One of the things that make numerical work on computers so much fun is that often, with a bit of cleverness, you can improve a computation tremendously. You may have a problem that your best computer can not solve in anywhere near an acceptable time, but reformulate it and you may be able to do it easily on your PC or Mac at home.
In introductory numerical classes, the often mentioned example is using Cramer's rule to solve for 25 unknown numbers. Many students have learned in their math classes how to solve 3 or 4 unknowns using Cramers's rule, but nobody warned them to use a different method for more unknowns. Solving for 25 unknowns is no big deal, there are many simple methods that can do it very quickly , but Cramer's rule is not one of them! It is about 100,000,000,000,000,000,000,000 times slower than the standard method of doing it. The best supercomputers would be dust before they finished the computation.
As you might guess, this sort of difference is exceptional. It is due to choosing a particularly poor numerical method, Cramer's rule. The problem that Elke and I faced did not look open to improvement at all. We wanted to compute flows of air or water around obstacles such as wires or wings. The numerical method was to be a `vortex method', in which thousands of small tornados, called vortices, are used to represent the motion of the air or water. The difficulty was, we had to find the velocity of each vortex to follow their motion, and the velocity of each depends on all other vortices.
To see the difficulty, imagine that we have shouting people instead of vortices. For example, suppose that there are 10,000 shouting people scattered throughout a very large field. The question is, how much noise does each person hear. To answer the question, you would for each person determine how much noise he receives from every other person, by finding the distance from that person and computing the noise level at that distance. Sum the noises from all 9,999 other persons to get the total noise.
This works, but since we have to compute 9,999 distances for each person, the amount of computational work is proportional to 10,000 times 9,999. It is proportional to the square of the number of people. If there would be 20,000 people instead of 10,000, we would need to ompute about four times as many distances, not two times. For large number of people, the work per person simply becomes too much to handle.

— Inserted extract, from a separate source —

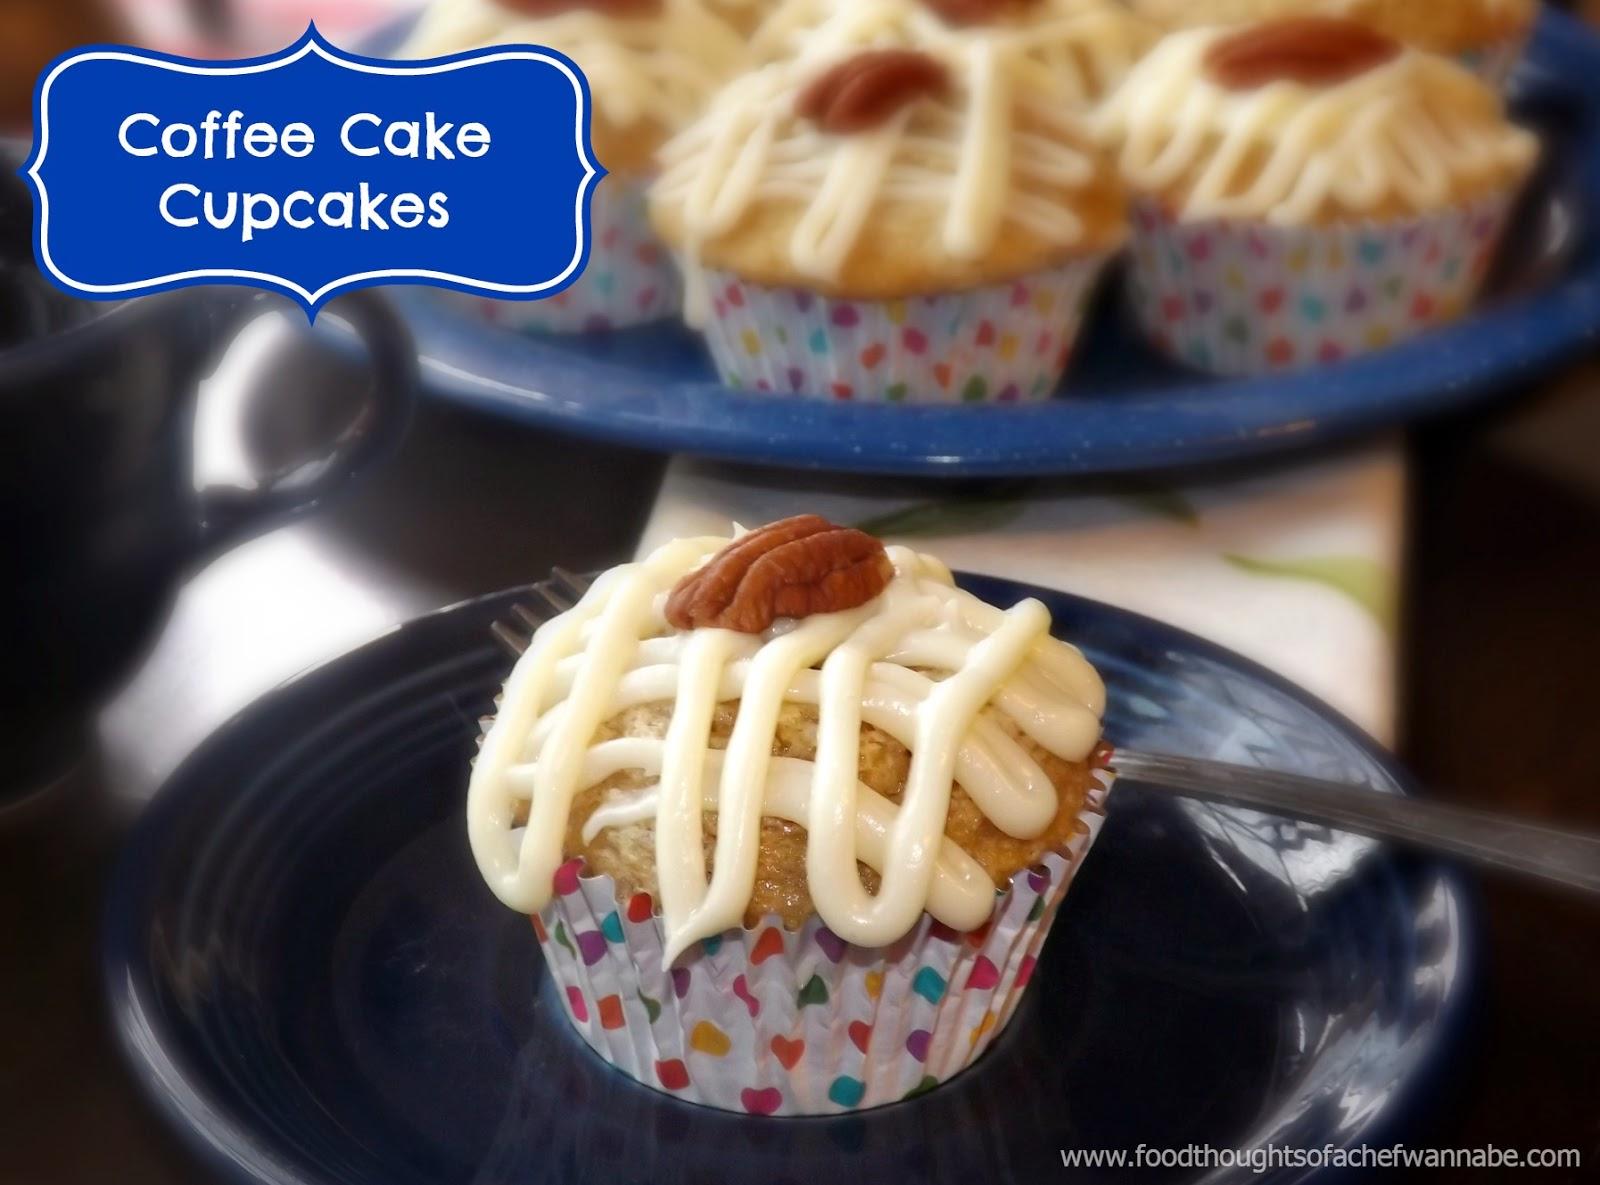 FoodThoughtsOfaChefWannabe: Coffee Cake Cupcakes!

You might wonder how we could avoid computing all distances, since clearly all noises need to be summed to get the total noise. But suppose that there is a group of people all fairly close to each other, and that we replace the noise produced by all these people by a crying baby in the middle which is as loud as the whole group of people together. Of course, that would not work if you stood nearby the group of people; you would hear the difference between the noises coming from different directions and the one coming from the baby at the center. But it would work if you stood too far away to make out the difference, and under such conditions, only the distance to the baby has to be computed, not all the distances to the individual people.

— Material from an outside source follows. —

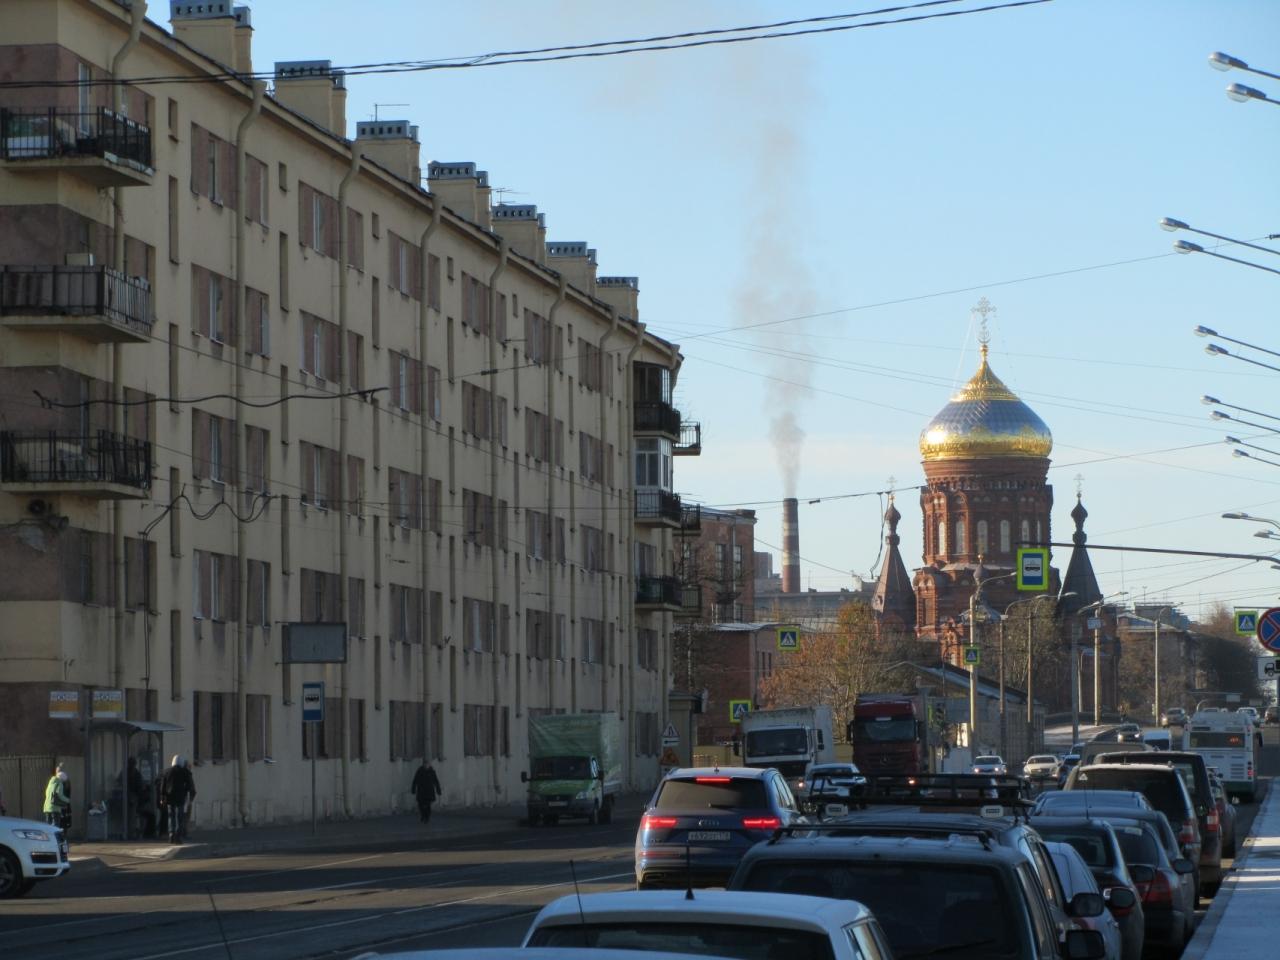 http://alt.pro.bkn.ru/images/s_big/39d6b3ef-d396-11e7-b300-448a5bd44c07.jpg
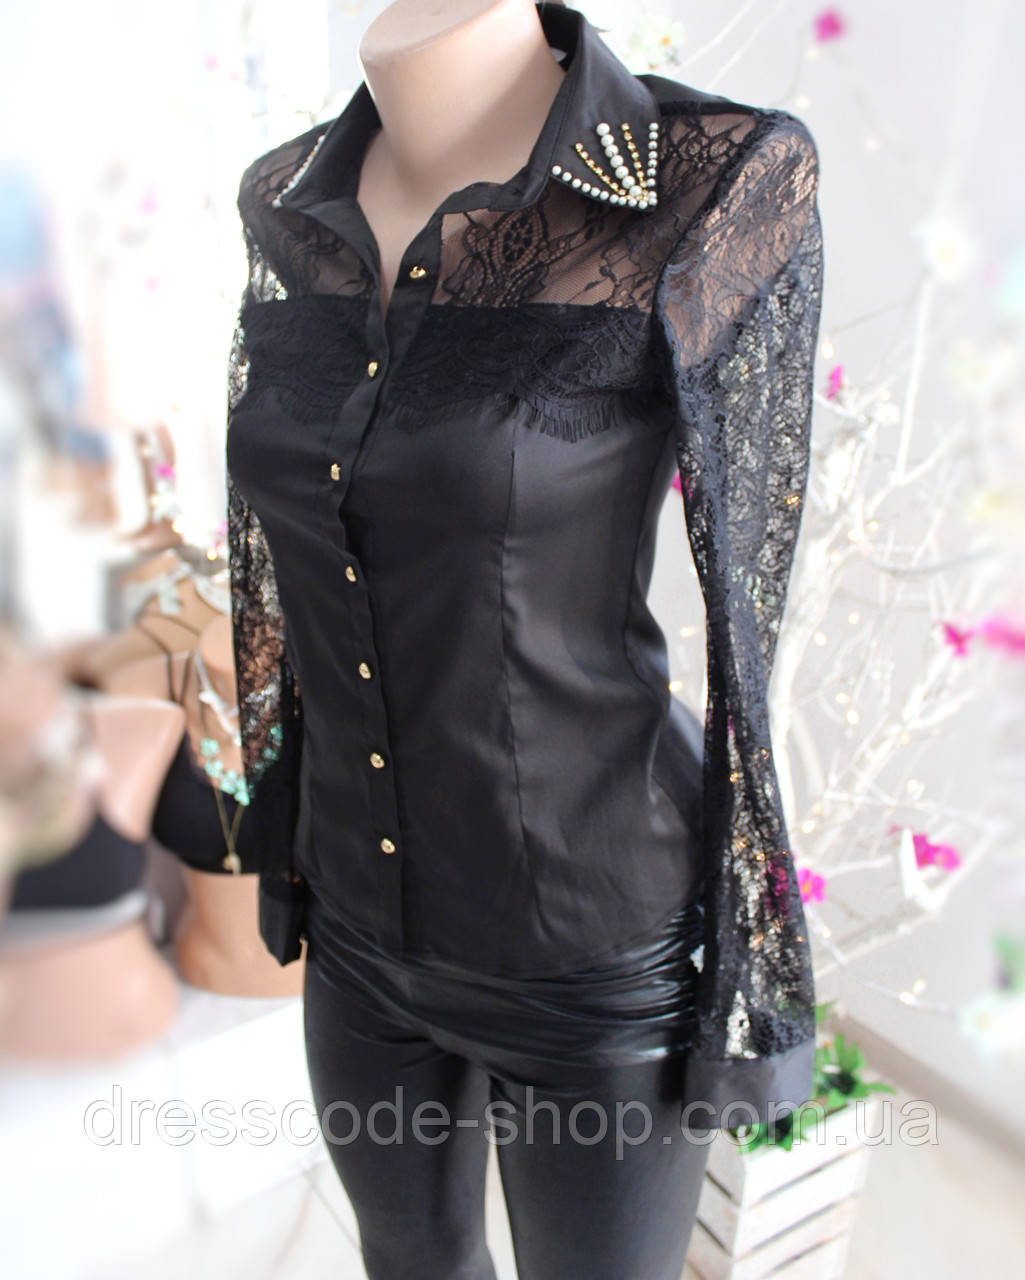 46abb133a63 Черная блуза с кружевными рукавами

So using the baby, we can eliminate some of the distances we would have to compute. We can repeat this for other groups of nearby people. And there are still other games we can play. Suppose there are two nearby babies replacing different groups of people. At really large distances, we could replace the two babies by a superbaby which is again twice as loud. (He may need some spinach.)
As you might guess, the basic idea turned out to be not particularly
original; the real test was in doing it effectively for people (vortices)

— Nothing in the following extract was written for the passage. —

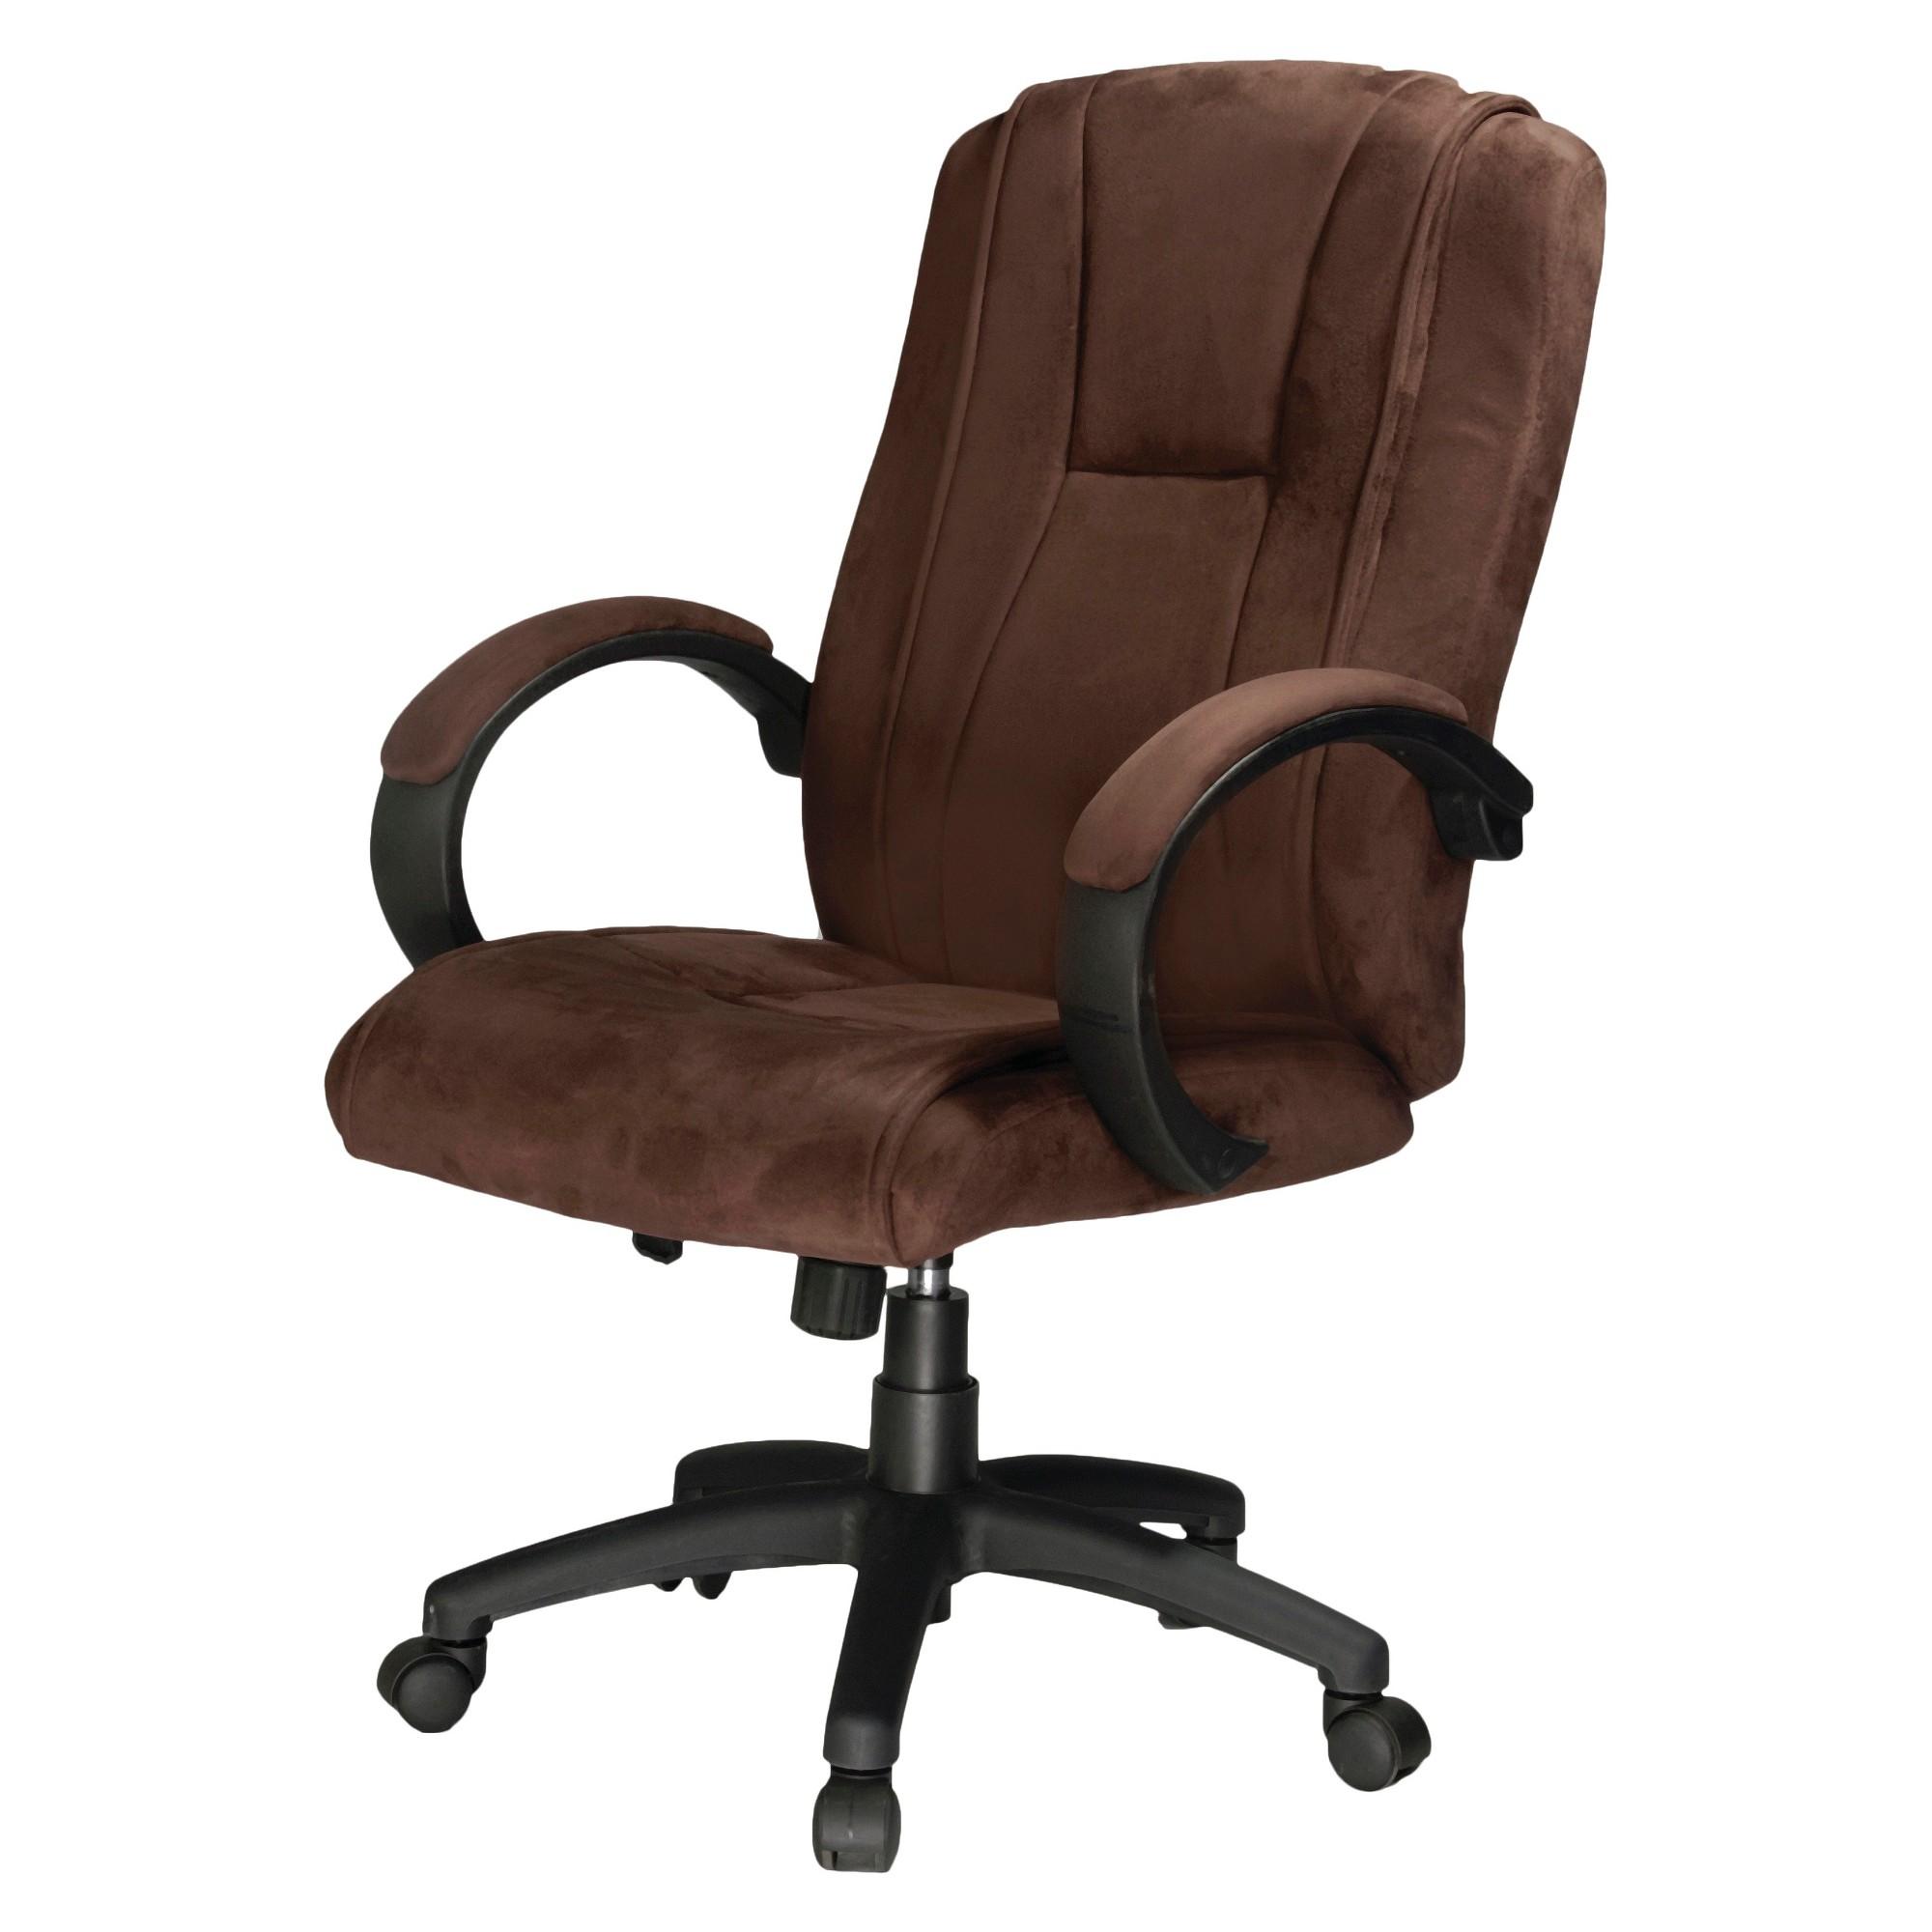 Padded Microfiber Fabric Executive Chair

spread about in an iregular pattern.
Here is a picture how Elke and I grouped vortices together:
The picture is for a flow around a wire, seen at the left. The vortices may be seen as dark or light points mainly within the smallest squares.
Did it work? Well, here are some computational times, in seconds, first if we compute all distances and then using the new method we developed:
Vortices: 400 800 1600 3200 6400 12800 25600 Old time: 9.1 36.3 151.9 586.8 2354.1 9404.8 37556.0 New time: 4.7 10.6 25.1 55.4 128.5 286.3 597.8 Ratio: 2 3 6 11 18 33 63So, the new method is already 63 times faster for 25,000 vortices and this just will get more for more vortices.
To put this in perspective, it is the difference between getting the results of your computation back the next day or getting it back in two months. You may be able to live with the first, but probably not with the second. I am still using this scheme for my computations, although other researchers such as Carrier, Greengard and Rokhlin have formulated similar schemes that are still faster. They are also more complex: the people are wearing headphones and receive the noise of the babies over the radio. Someday I will write or get a version of one of those procedures.
Van Dommelen, L. L. (1985) Adaptive-panel vortex summation for the CYBER 205. 38th Annual Meeting Div. Fluid Dynamics, Bulletin of the American Physical Society, 30.
Van Dommelen, L. L. & Rundensteiner, E. A. (1989) Fast solution of the two-dimensional Poisson equation with point-wise forcing. Journal of Computational Physics 83, 126-147.
Carrier, J., Greengard, L. \& Rokhlin, V. (1986) A fast adaptive multipole algorithm for particle simulations. Yale University Research Report YALEU/DCS/RR-496.
Greengard, L. \& Rokhlin, V. (1988) On the efficient implementation of the fast multipole algorithm. Yale University Research Report YALEU/DCS/RR-602.